Under New Mexico law, the intent and meaning of a testator must be ascertained from the instrument itself. New Mexico has “uniformly applied (this rule of construction) to unambiguous wills.” Gregg v. Gardner, 73 N.M. 347, 388 P.2d 68, 74 (1963). Therefore, “In determining the testator's intention, the true purpose of the inquiry is to ascertain not what he meant to express, apart from the language used, but what the words he has used do express; not to add words to those in the will to contradict its language or to take words away from those in the will, even though the Court may believe that the actual disposition of the testator's property which results through changing circumstances, was not contemplated by him. 4 Bowe-Parker Rev., Page on Wills, sec. 32.1 pp. 229-232; Lamphear v. Alch, 58 N.M. 796, 277 P.2d 299; Brown v. Brown, 53 N.M. 379, 208 P.2d 1081.” Gregg v. Gardner, 338 P.2d 68, 74 (1963).

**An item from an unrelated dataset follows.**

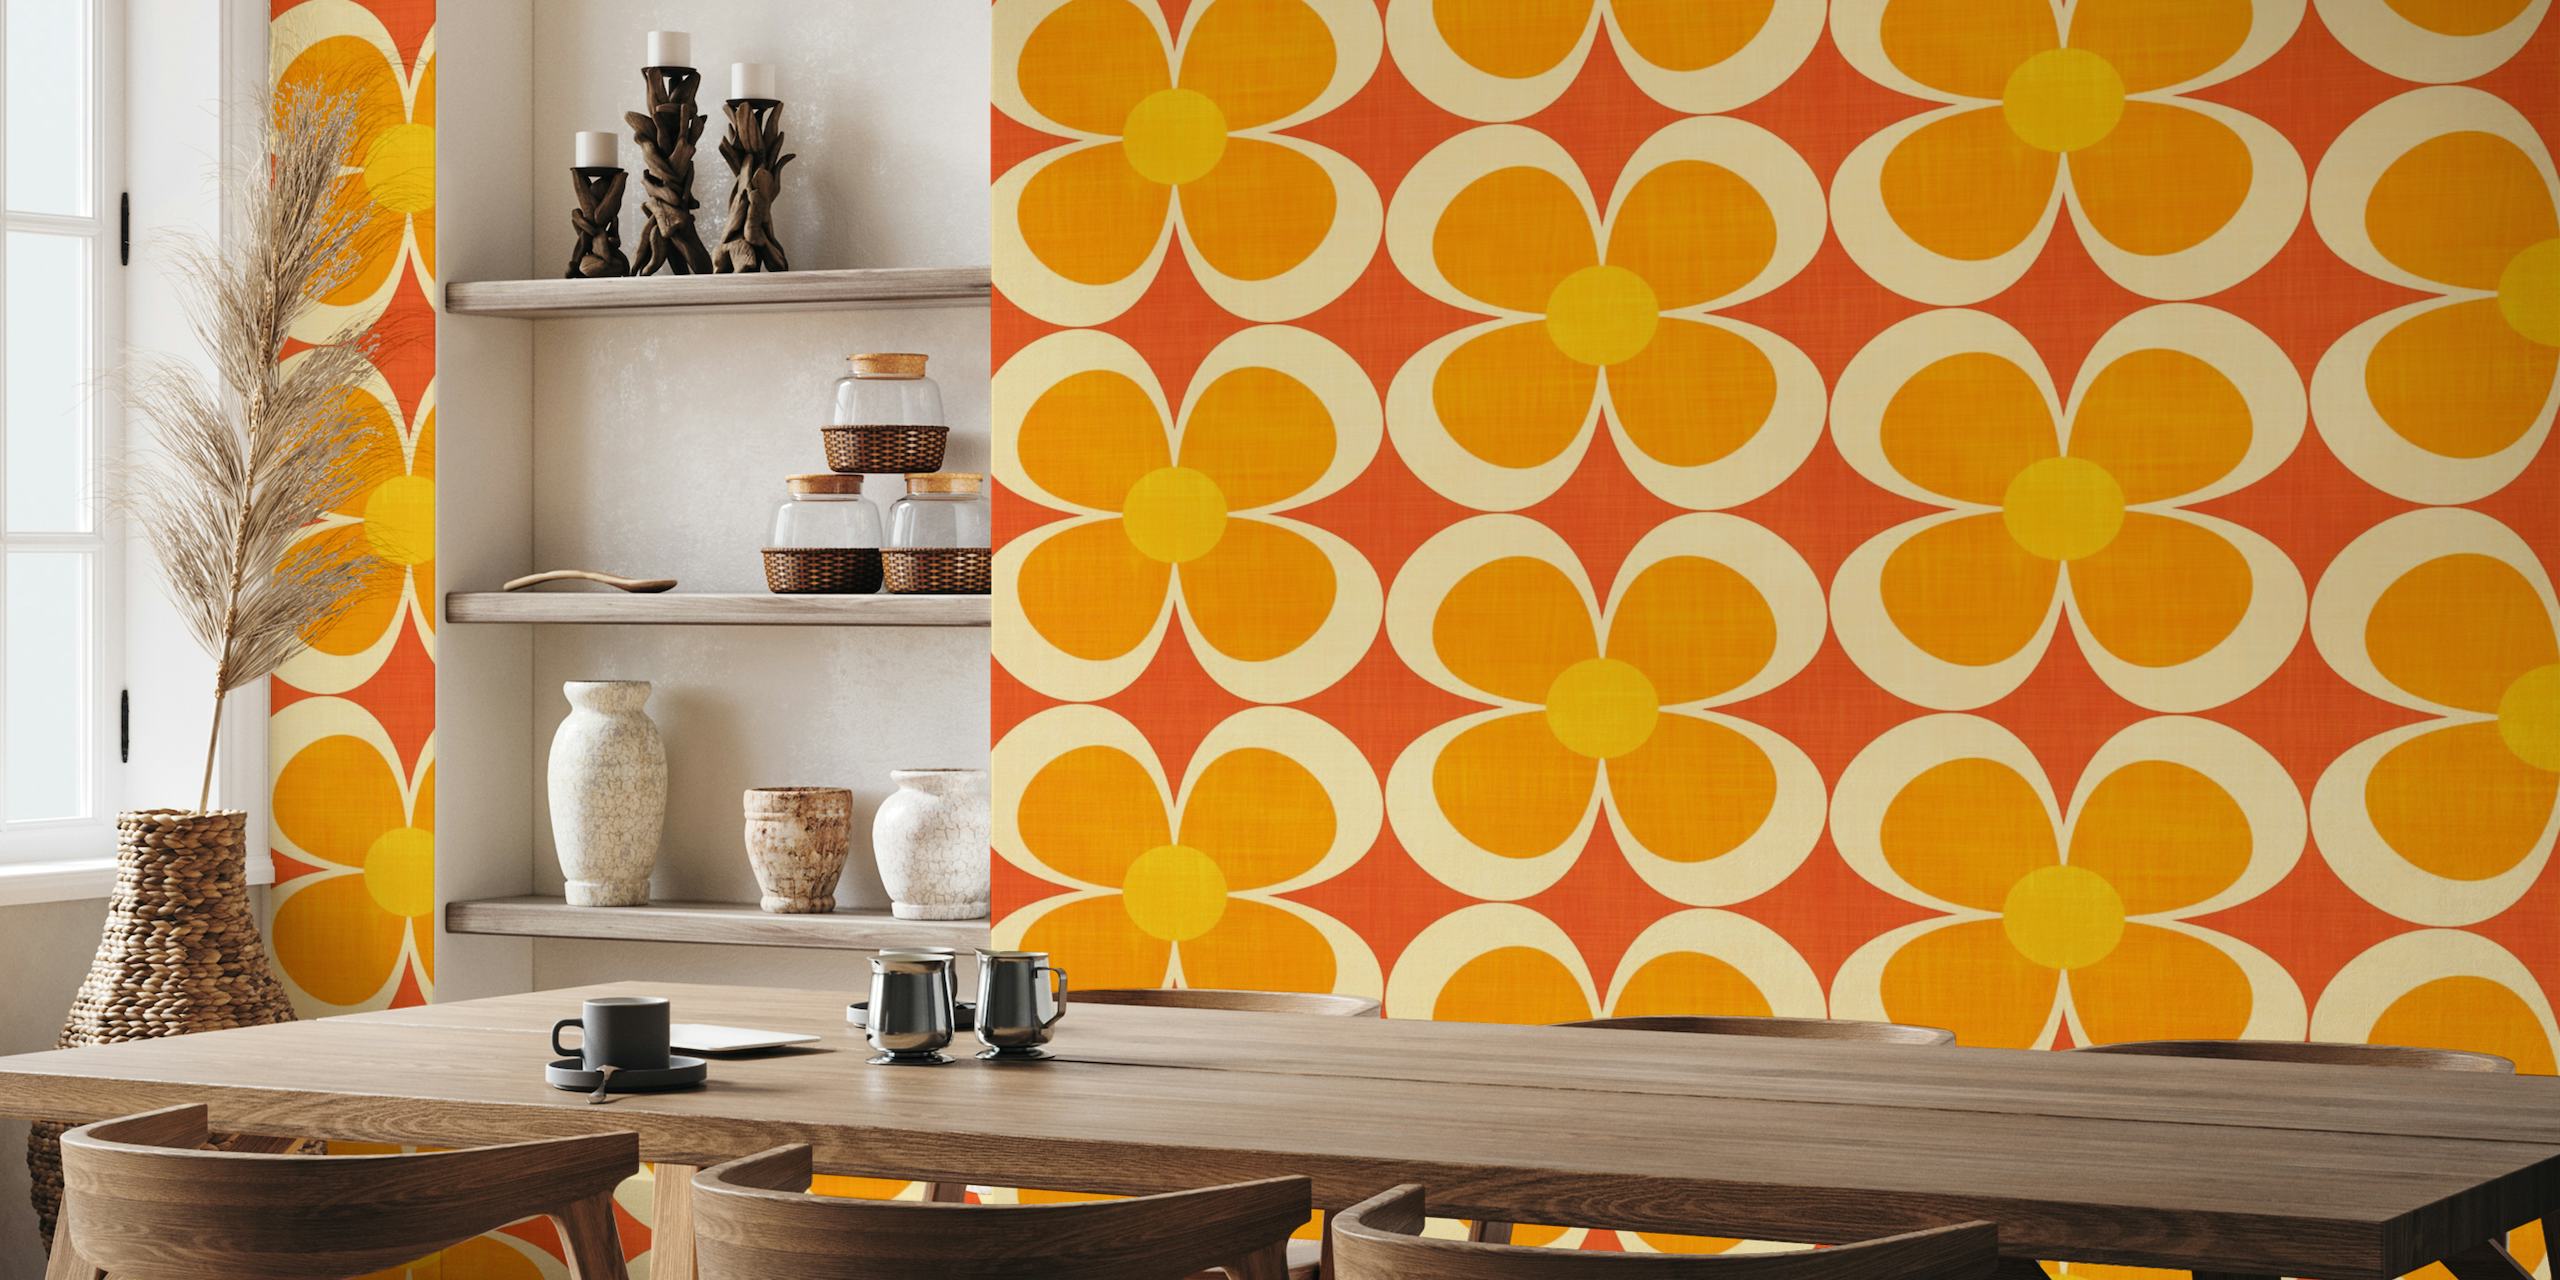 Retro-inspiriertes Groovy Geometric Floral-Wandbild in Orange, Gelb und Rot

Petitioner contends that a New Mexico court would have limited decedent's power of invasion to matters relating to her support or maintenance. The Supreme Court of New Mexico has not had occasion to interpret the word “emergency” in the context of a power to invade a trust. However, we do not believe that the court would restrict or limit its meaning as petitioner contends. Petitioner's position would require that the court add words to an otherwise unambiguous sentence. See Commissioner v. Estate of Bosch, 387 U.S. 456 (1967).

The difficulty, in accepting petitioner's argument, is that not all emergencies in life are associated with “health, education, support, or maintenance.” While, no doubt, the bulk of emergencies can fairly be attributed to such categories, there are other associations. Thus, there can be financial emergencies unrelated to maintenance; collateral for a loan becomes insufficient due to a drop in the silver market; an emergency, yes, but one affecting net worth, not maintenance.

An emergency is a circumstance that calls for immediate action. It may be caused by an act of God, but whatever the cause, the word “emergency” relates to the timing of the invasion, not to any particular source of need. Therefore, it brings into play a set of parameters different from those in play when considering the words “health, education, support, or maintenance.” Given the specificity with which Congress attempted to circumscribe a special power, we do not believe that we are entitled to expand that circumscription.

Given that the term emergency is a word of limitation, the disjunctive phraseology of the grant requires that it be viewed in isolation with the consequent conclusion that it can have a free-standing meaning independent of the four statutory words at issue. Hence, we must conclude that her power of invasion was not sufficiently limited so as to fall within the exception of section 2041(b)(1)(A).

Accordingly, petitioner's motion for summary judgment is denied. Respondent's motion for summary judgment is granted and

Decision will be entered under Rule 155.